_Exercise goal:_
Output the lines below exactly, please, from the first line until the line with "Sierra Nevada Brewing", counting both.

- - - -

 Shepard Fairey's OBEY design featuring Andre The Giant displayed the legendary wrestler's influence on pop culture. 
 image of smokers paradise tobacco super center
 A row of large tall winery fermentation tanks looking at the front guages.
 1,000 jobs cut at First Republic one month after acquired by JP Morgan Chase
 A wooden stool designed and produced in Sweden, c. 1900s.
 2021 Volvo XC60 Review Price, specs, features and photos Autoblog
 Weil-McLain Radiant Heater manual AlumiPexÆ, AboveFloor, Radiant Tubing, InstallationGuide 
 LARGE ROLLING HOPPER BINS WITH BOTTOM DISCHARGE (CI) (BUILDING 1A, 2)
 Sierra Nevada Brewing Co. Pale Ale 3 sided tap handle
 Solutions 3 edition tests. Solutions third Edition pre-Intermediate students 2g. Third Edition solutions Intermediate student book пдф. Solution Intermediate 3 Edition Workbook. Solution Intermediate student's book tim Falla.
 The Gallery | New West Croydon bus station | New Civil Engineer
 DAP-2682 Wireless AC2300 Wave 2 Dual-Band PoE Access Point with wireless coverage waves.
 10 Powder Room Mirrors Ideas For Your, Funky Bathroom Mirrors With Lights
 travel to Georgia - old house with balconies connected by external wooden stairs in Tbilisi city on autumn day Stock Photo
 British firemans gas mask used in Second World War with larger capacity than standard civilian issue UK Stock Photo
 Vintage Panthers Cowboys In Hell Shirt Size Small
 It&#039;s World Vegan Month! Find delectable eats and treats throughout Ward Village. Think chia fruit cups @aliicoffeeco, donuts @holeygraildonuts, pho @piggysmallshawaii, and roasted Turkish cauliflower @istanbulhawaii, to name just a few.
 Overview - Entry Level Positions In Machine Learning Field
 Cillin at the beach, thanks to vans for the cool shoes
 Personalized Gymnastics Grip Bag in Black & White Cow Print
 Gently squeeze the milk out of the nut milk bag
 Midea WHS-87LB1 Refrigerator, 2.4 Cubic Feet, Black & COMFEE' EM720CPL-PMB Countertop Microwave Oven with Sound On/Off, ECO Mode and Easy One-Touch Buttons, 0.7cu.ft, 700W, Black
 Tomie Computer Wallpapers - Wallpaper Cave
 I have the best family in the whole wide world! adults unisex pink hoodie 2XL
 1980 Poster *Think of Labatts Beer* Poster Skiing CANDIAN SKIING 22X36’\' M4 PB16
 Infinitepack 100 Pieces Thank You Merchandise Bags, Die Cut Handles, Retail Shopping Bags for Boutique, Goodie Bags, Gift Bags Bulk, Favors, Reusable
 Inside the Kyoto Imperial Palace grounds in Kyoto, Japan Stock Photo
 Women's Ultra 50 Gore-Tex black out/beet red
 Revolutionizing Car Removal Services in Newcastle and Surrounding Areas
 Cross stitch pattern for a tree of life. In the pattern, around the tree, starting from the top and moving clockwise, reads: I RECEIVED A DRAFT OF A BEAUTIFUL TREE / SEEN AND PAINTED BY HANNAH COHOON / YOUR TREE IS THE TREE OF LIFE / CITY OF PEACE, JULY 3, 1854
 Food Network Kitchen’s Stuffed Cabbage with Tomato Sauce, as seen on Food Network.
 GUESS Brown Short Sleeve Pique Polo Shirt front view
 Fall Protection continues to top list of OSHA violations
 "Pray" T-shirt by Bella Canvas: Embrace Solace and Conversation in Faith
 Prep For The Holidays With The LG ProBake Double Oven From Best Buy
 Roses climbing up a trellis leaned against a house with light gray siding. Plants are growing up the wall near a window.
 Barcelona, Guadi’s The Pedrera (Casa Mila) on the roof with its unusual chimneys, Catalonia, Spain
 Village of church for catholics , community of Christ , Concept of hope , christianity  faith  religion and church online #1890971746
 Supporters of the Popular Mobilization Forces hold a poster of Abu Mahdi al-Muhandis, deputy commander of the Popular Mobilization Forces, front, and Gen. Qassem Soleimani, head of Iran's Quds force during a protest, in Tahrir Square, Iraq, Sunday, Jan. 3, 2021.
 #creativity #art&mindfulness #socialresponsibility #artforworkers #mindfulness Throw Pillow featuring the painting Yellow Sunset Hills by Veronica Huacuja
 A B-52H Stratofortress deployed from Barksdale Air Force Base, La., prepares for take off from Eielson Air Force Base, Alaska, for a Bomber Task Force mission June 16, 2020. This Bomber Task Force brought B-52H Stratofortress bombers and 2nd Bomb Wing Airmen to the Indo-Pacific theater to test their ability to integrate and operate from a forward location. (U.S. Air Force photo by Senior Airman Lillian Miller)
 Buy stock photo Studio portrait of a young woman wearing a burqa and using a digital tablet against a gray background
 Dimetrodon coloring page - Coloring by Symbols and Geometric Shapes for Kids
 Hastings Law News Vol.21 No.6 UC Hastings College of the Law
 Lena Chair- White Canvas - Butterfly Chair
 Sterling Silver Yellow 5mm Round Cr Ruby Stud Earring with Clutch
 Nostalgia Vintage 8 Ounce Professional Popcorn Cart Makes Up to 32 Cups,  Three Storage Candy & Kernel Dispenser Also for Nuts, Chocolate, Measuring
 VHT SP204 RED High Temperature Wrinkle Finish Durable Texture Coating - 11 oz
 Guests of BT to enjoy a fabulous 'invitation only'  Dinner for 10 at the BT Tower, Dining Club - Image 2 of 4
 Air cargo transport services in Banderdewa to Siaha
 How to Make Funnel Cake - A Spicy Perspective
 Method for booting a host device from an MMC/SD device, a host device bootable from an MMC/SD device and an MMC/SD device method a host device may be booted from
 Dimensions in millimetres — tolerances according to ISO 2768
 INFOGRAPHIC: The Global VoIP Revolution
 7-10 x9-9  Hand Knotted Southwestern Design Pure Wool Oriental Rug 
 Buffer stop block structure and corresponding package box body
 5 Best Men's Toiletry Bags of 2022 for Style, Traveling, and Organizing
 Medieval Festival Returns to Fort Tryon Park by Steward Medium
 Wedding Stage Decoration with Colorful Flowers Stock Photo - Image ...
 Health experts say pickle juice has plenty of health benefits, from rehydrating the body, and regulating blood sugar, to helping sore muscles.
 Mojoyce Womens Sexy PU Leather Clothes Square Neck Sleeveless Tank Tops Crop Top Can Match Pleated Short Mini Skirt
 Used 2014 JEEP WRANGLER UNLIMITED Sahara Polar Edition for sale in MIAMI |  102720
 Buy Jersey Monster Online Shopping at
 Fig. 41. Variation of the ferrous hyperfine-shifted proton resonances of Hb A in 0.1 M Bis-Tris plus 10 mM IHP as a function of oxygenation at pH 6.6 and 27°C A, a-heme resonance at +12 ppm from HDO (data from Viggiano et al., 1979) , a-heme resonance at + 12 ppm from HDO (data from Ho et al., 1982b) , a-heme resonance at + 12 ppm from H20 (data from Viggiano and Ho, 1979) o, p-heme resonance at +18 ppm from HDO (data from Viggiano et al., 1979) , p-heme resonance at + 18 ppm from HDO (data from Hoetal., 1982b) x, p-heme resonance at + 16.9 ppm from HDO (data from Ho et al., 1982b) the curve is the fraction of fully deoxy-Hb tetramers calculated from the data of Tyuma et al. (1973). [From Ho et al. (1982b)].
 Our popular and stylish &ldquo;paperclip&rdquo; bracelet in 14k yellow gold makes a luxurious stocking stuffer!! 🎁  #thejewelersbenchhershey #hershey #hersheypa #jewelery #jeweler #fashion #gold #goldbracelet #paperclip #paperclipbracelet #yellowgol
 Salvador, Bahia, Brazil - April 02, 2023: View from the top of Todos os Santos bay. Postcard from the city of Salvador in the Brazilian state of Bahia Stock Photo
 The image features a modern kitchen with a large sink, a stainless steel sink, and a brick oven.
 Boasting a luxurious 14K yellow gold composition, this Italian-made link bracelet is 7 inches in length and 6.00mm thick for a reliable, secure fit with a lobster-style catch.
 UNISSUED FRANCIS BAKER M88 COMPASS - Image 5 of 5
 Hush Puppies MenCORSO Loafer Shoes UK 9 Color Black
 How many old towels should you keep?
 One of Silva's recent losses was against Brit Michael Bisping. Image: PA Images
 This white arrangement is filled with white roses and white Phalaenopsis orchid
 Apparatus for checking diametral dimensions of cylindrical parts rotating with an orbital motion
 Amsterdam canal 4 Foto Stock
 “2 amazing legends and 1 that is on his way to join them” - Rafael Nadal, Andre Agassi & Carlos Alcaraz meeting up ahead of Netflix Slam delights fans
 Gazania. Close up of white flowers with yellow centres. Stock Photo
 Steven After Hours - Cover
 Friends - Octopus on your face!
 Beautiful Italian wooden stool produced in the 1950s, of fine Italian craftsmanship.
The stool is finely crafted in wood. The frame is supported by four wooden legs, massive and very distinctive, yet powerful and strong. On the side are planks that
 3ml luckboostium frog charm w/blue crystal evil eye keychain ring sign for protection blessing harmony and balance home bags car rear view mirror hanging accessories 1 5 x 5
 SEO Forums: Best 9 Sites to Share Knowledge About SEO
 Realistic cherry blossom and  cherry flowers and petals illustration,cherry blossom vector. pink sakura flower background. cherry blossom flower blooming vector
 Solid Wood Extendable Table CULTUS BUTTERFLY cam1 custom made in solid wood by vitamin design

- - - -

_Response to this exercise:_
 Shepard Fairey's OBEY design featuring Andre The Giant displayed the legendary wrestler's influence on pop culture. 
 image of smokers paradise tobacco super center
 A row of large tall winery fermentation tanks looking at the front guages.
 1,000 jobs cut at First Republic one month after acquired by JP Morgan Chase
 A wooden stool designed and produced in Sweden, c. 1900s.
 2021 Volvo XC60 Review Price, specs, features and photos Autoblog
 Weil-McLain Radiant Heater manual AlumiPexÆ, AboveFloor, Radiant Tubing, InstallationGuide 
 LARGE ROLLING HOPPER BINS WITH BOTTOM DISCHARGE (CI) (BUILDING 1A, 2)
 Sierra Nevada Brewing Co. Pale Ale 3 sided tap handle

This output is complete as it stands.